Роб взглянул на меня без удивления, но вопросительно. Я кивнула:
– Он никогда не говорил мне, но я думаю, у него был этот дар.
– Почему ты так решила?
– Ну, пару раз это проявлялось. Сначала – когда я поранилась в школе и он узнал, хотя никто ему не сообщал. Такого рода связь. И думаю, когда он умирал, тоже пытался связаться со мной и не смог, но сумел послать сигнал в Эшли. А здесь был ты, ты принял сигнал и передал мне.
– Наподобие спутника связи?
– Что-то вроде. Да. И сработало. Сообщение пришло от тебя, а не от него.
– Это была тяжелая ночь. – Роб открыл форточку, спрятал в карман инструменты и, поставив ногу на верхнюю ступеньку и опершись подбородком на кулак, посмотрел на гирлянды вьющихся растений. – Я спал и вдруг проснулся, словно кто-то пнул меня в голову, и было больно. Сначала я подумал, что захворал, а чуть погодя уловил сигнал. И он мне не понравился. Потом, как всегда, я стал думать о тебе и понял, что говорю с тобой. Наверное, когда кипяток или что-нибудь такое течет по трубе, она раскаляется. Вот и я чувствовал себя такой трубой.
– Бедный Роб! Но ты помог мне. И еще как помог! Если бы я не приняла твое сообщение... Но я не о том. Я говорила о нашем общем даре. Теперь я уверена, что ни Эмори, ни Джеймс им не обладают. Джеймс как-то сказал мне, что они могут «читать мысли друг друга», но если это и правда, то он говорил об обычной связи, какая бывает между близнецами, что-то вроде шестого чувства – интуиции.

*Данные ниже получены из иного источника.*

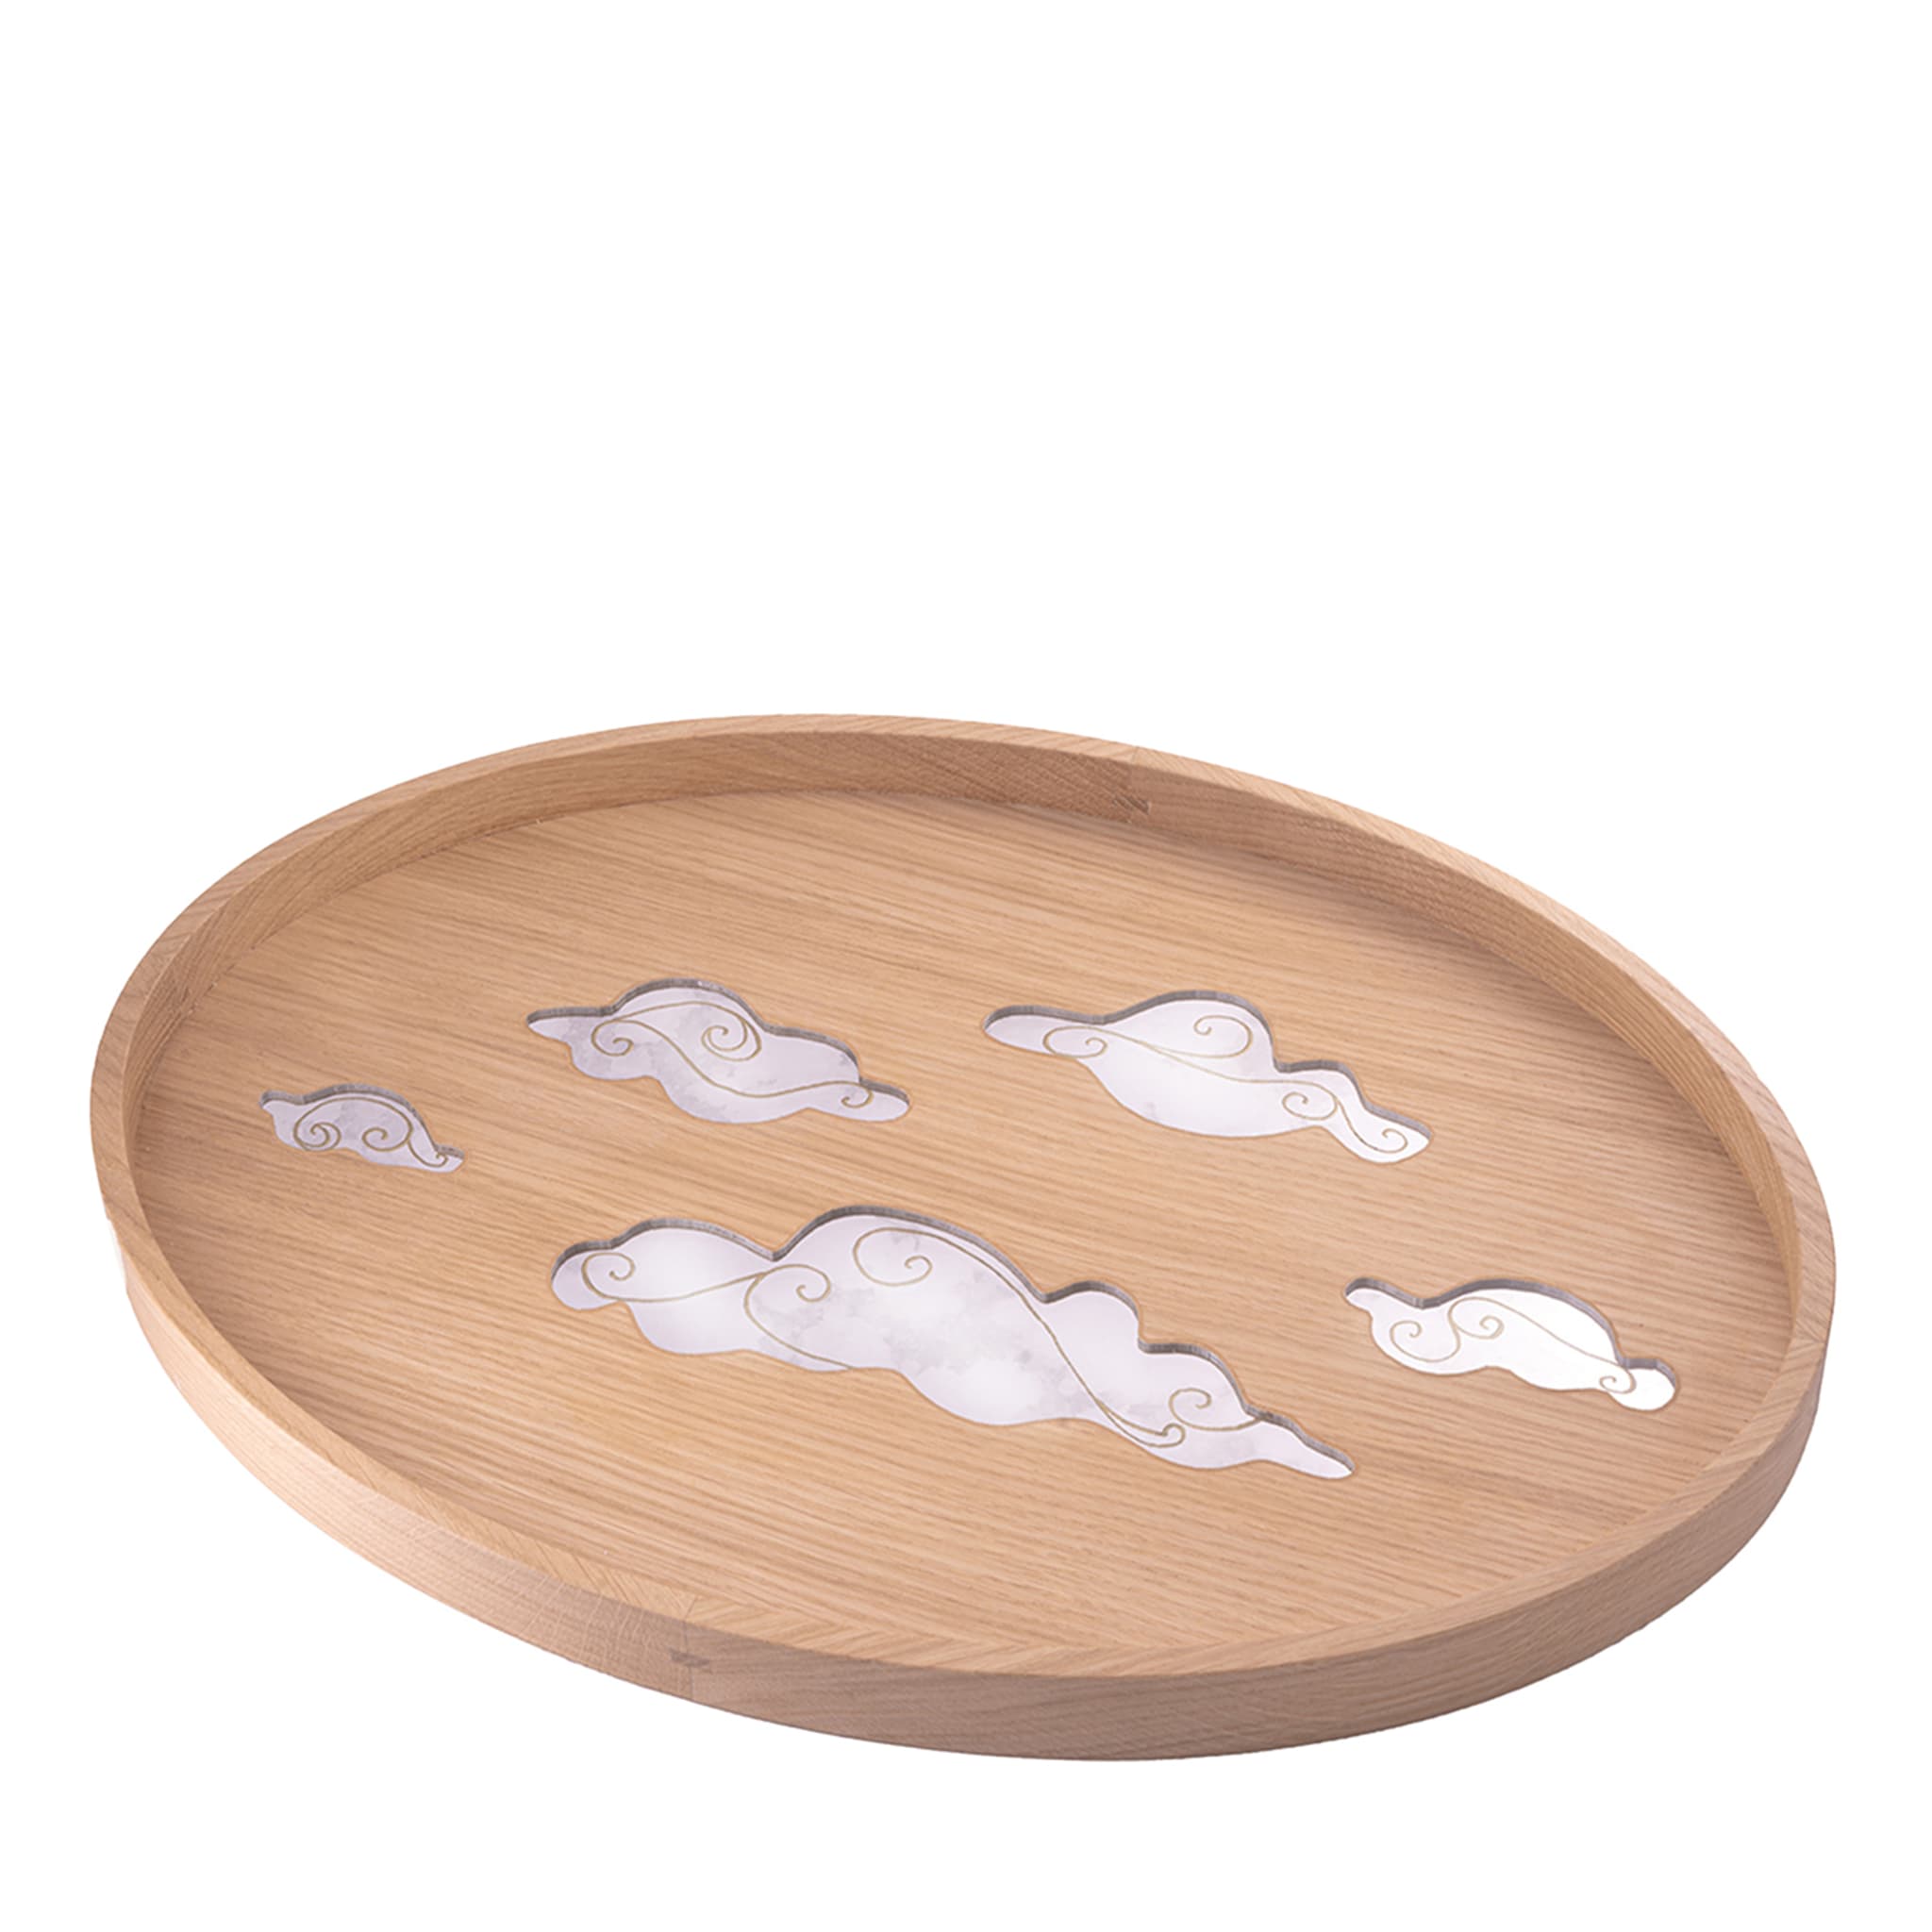 Casarialto Atelier Clouds Mirror Tray by Giovanni Simionato - Main view

Не то что у нас.
– А наше чувство – седьмое?
– Да. Правда? – Я подняла голову и улыбнулась ему. – Пожалуй, это так. Особое и магическое... Я уверена, у близнецов нет ничего подобного. А если бы было, эти последние несколько дней оказались бы еще труднее. Так ужасно запираться от тебя!
Протянув руку, Роб стал рассеянно отцеплять усики жасмина от проволоки.
– Однажды я видел картину, – проговорил он, вспоминая. – Она называлась «Отвергнутый любовник». Тогда она меня потрясла. Он сидит, понурясь, прислонившись к косяку. Наверное, перед этим тщетно стучался в проклятую дверь.
– Ты не стучался. Во всяком случае, не сильно.
– Но не оттого, что не хотел.
– Наверное, тебе это было так же тяжело, как и мне. И даже тяжелее. – Гроздь цветов жасмина, которую он слишком сильно дернул, уронила вниз каскад увядающих лепестков, некоторые попали в чан и поплыли. Я протянула палец к одному, чтобы спасти. – Роб, кое-чего я так и не могу понять. И это сбивает меня с толку, хотя теперь вижу, что я должна была хотеть, чтобы это оказался ты. Я думала, это непременно кто-то из Эшли. И никогда и не помышляла ни о ком, кроме своих троюродных братьев, хотя, видит бог, с тех пор, как выросла, никаких особых чувств к ним не питала. Не так, как к тебе. Это приходило и уходило. Но откуда же у тебя этот дар?
Он улыбнулся:
– Ты не знала? Через внебрачное зачатие. Через Мейкпис, Эллен Мейкпис. Нужно тебе сказать, у меня такая же дурная наследственность, как и у тебя, мисс Бриони Эшли.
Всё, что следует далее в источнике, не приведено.